The phenomenon of “dynamic insecurity” has important implications for the concept of “security” and its supply. The enhancement of awareness of an issue and its potential goals in order to improve the systematic resilience and the capability to minimize the adverse impacts of an event can be close to the concept of security. The impact of personal security investment is partially dependent on the security investments of the other factors. Decisions to invest in security have a reciprocal effect on the expected actions of other factors. The consequences of an insecuring attack depend on personal behavior. If an investor does not show a willingness to take action against insecurity, the chain of the likely consequences will be disrupted and vice versa (fruter,2003). The second inhibitor of the concept of security supply is the nature of security as a public commodity. Since security produces a lot of public benefits for the community, some investors may avoid personal involvement in the hope for its public procurement, and this, in turn, complicates the economic calculations of security and confrontation with insecurity.
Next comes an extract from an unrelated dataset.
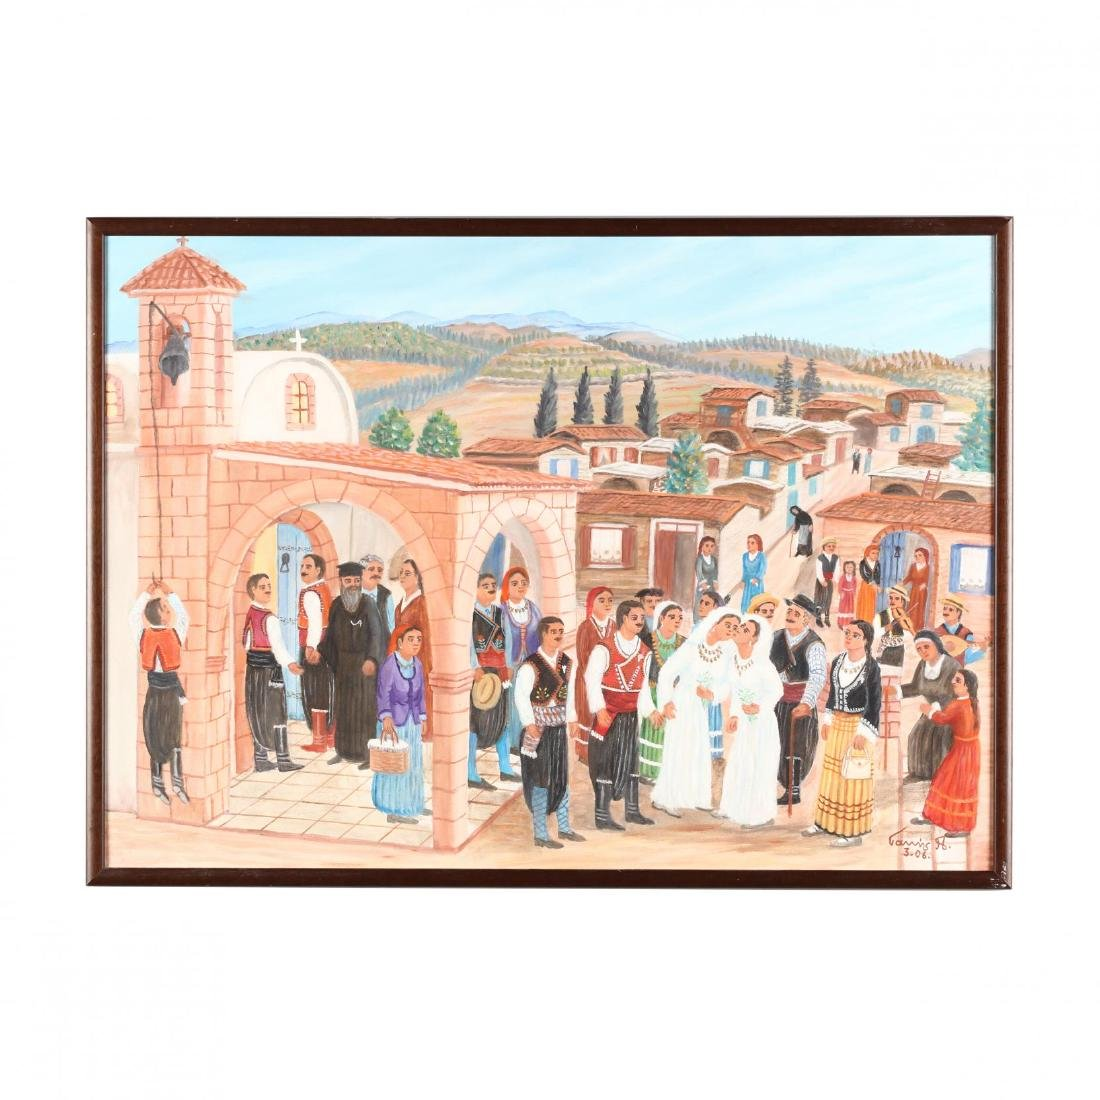 Yiannis Pelekanos (Cypriot, b. 1937), A Village Wedding

Terrorism and crimes are intrusive of security and since security is a public commodity whose supply is the responsibility of the state and public sector, so it is quite reasonable to address the relationship of terrorism and crime with public expenditure. This is the aim of this paper.
An instance of transnational terrorism is those terrorist groups whose members are attracted from different countries or whose field of action covers different countries. The experimental studies attempt to establish a relationship between the origins of a transnational terrorist center and the known variables. Given the increased number of crime and terrorist attacks in the countries of the MENAP region in recent years, this paper examines the effect of spatial impacts of these two issues on the public expenditure of the selected countries in the 2003-2016 period using a panel spatial regression.
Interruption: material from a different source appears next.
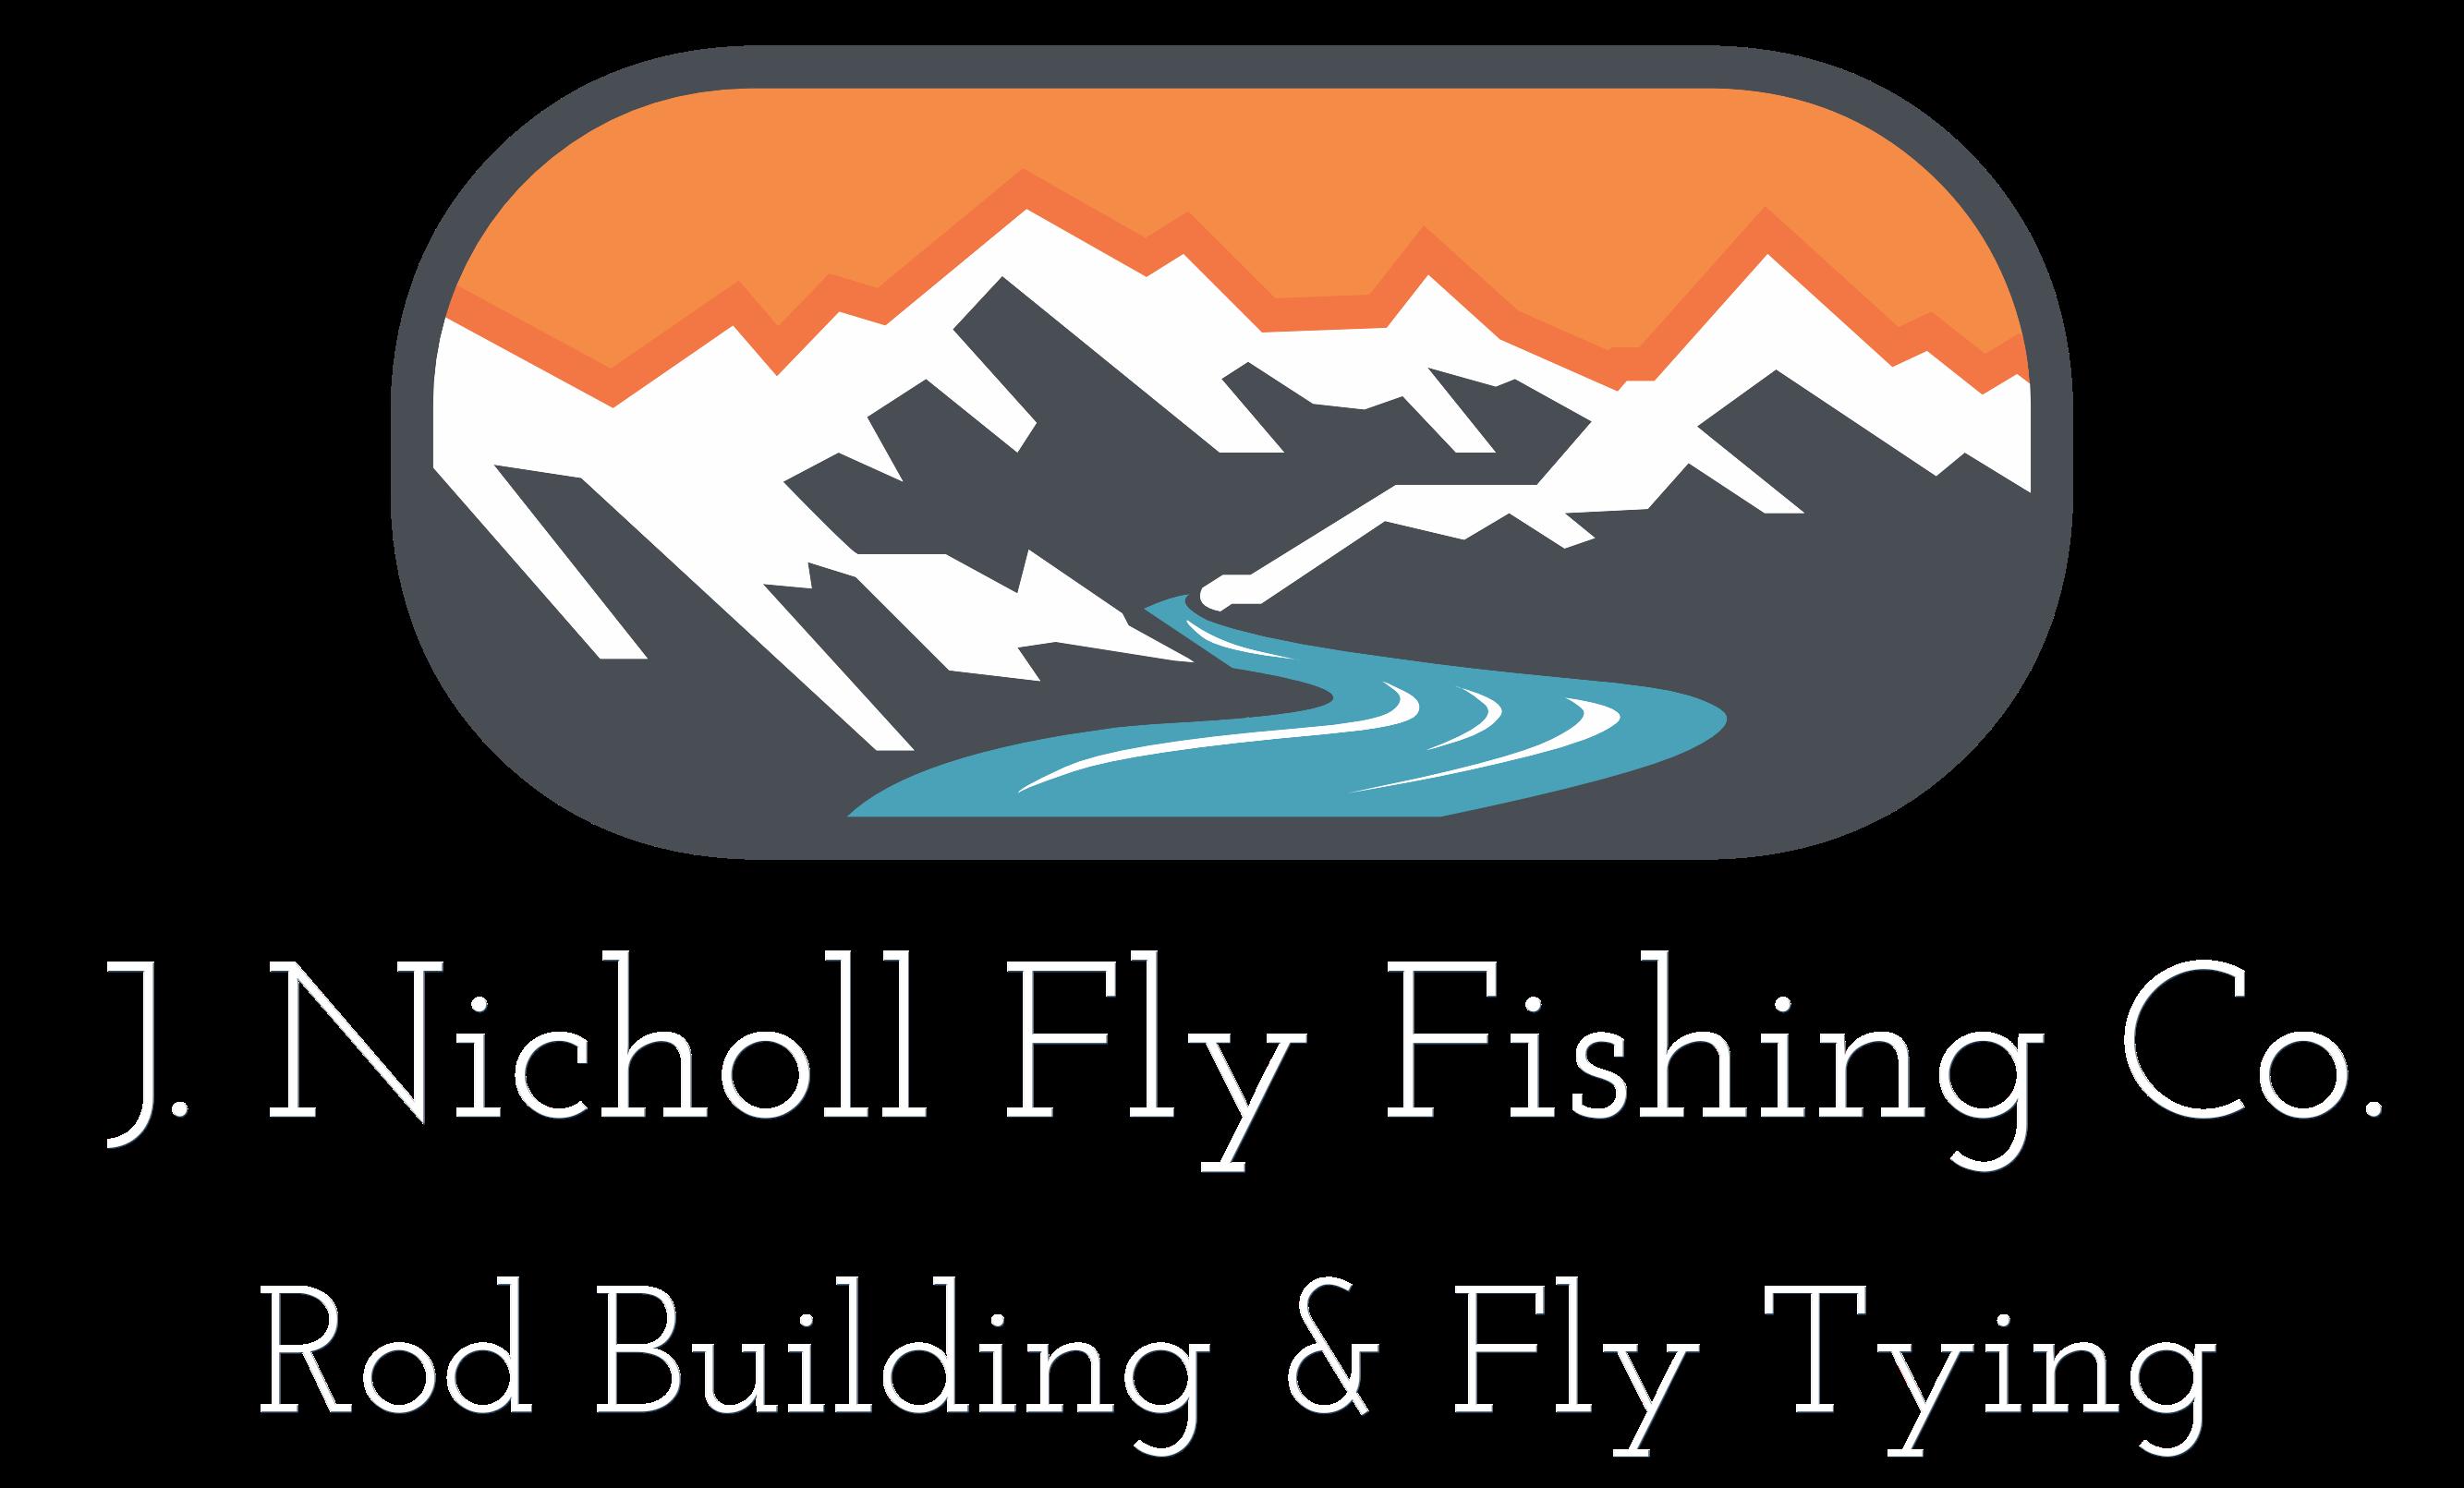 The J. Nicholl Fly Fishing Co.

The results of the spatial regression reveal that both crime and terrorism influence public expenditure of the studied countries positively and significantly. This implies that crime and terrorist attacks in one country increase these variables and public expenditure in neighboring countries and that the impacts of spatial spillover of these variables are confirmed in the studied countries. The nature of terrorism has a self-strengthening mechanism both temporally and spatially. First, terrorism experience entails new terrorism – i.e. temporal transmission. Second, if a country or region is suffering from terrorism, the other and neighboring countries are usually influenced by its consequences too – i.e. spatial transmission. For example, emerging terrorist groups use the experiences of older groups in neighboring countries.
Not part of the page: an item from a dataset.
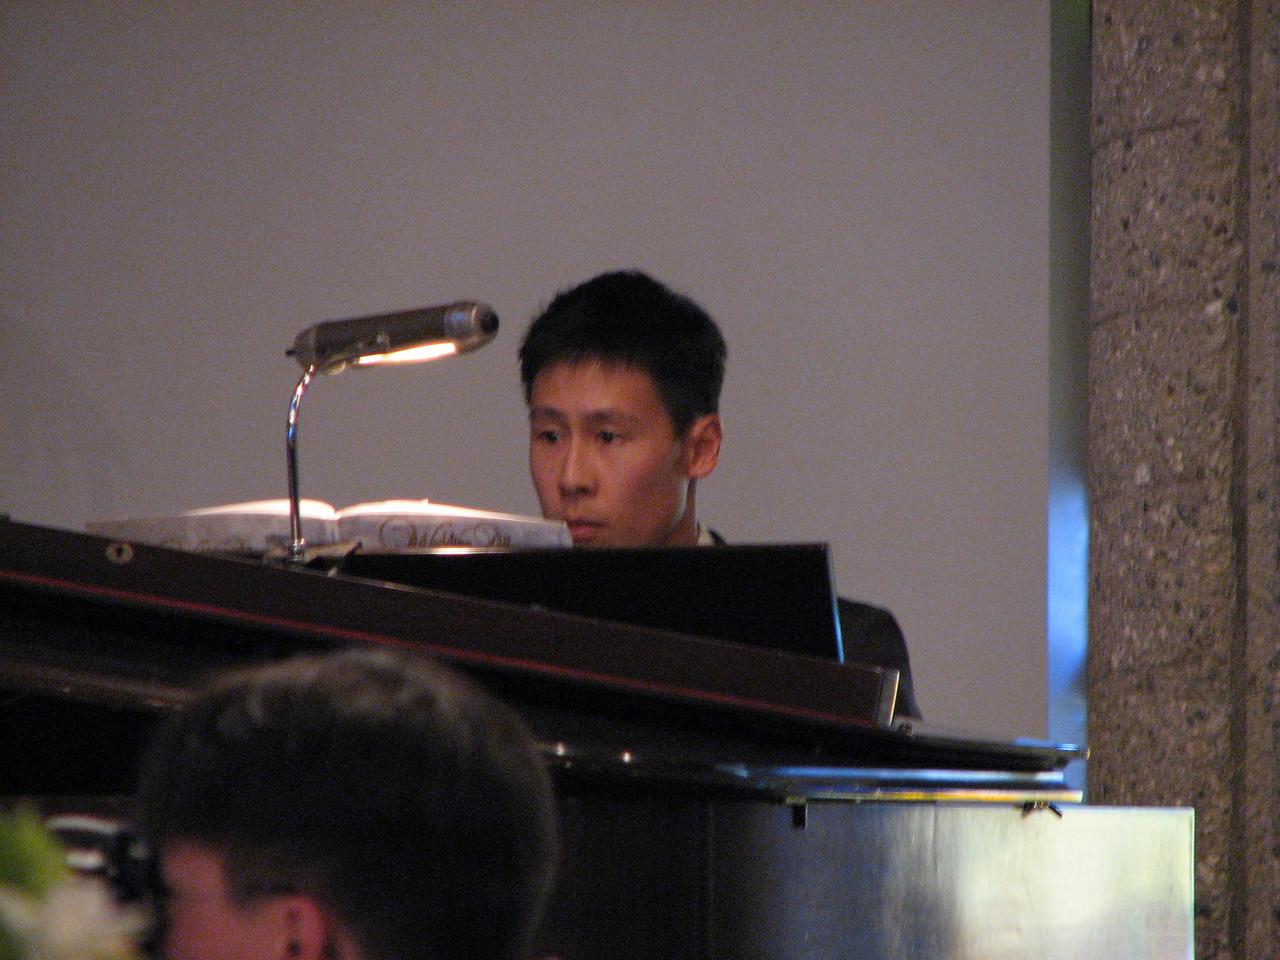 2007 06 09 Sat - Pianist - Dave Lee 1

In addition, the cooperation of terrorist organizations with one another reduces their expenses. For example, knowledge sharing enhances the probability and extent of achievements by inherent synergy and by resorting to more fierce actions. Therefore, because temporal and spatial closeness plays a significant role in cost and profit considerations of violence generation, it is recommended to the government to consider regional conditions in assigning public expenditure and its composition. The results of the spatial regression for the direct and indirect impacts reveal that the indirect impacts of organized anti-security actions are much more than their direct impacts. Some examples of the detrimental impacts of organized anti-security actions include the disruption of demand order, unexpected changes in and discontinuation of supply chains, the costs arising from the use of more stringent security policies, and macroeconomic variables. Furthermore, the governmental institutions and enterprises are responsible to identify these factors and the dynamics of the impacts and vectors in order to get involved in constructive intervention.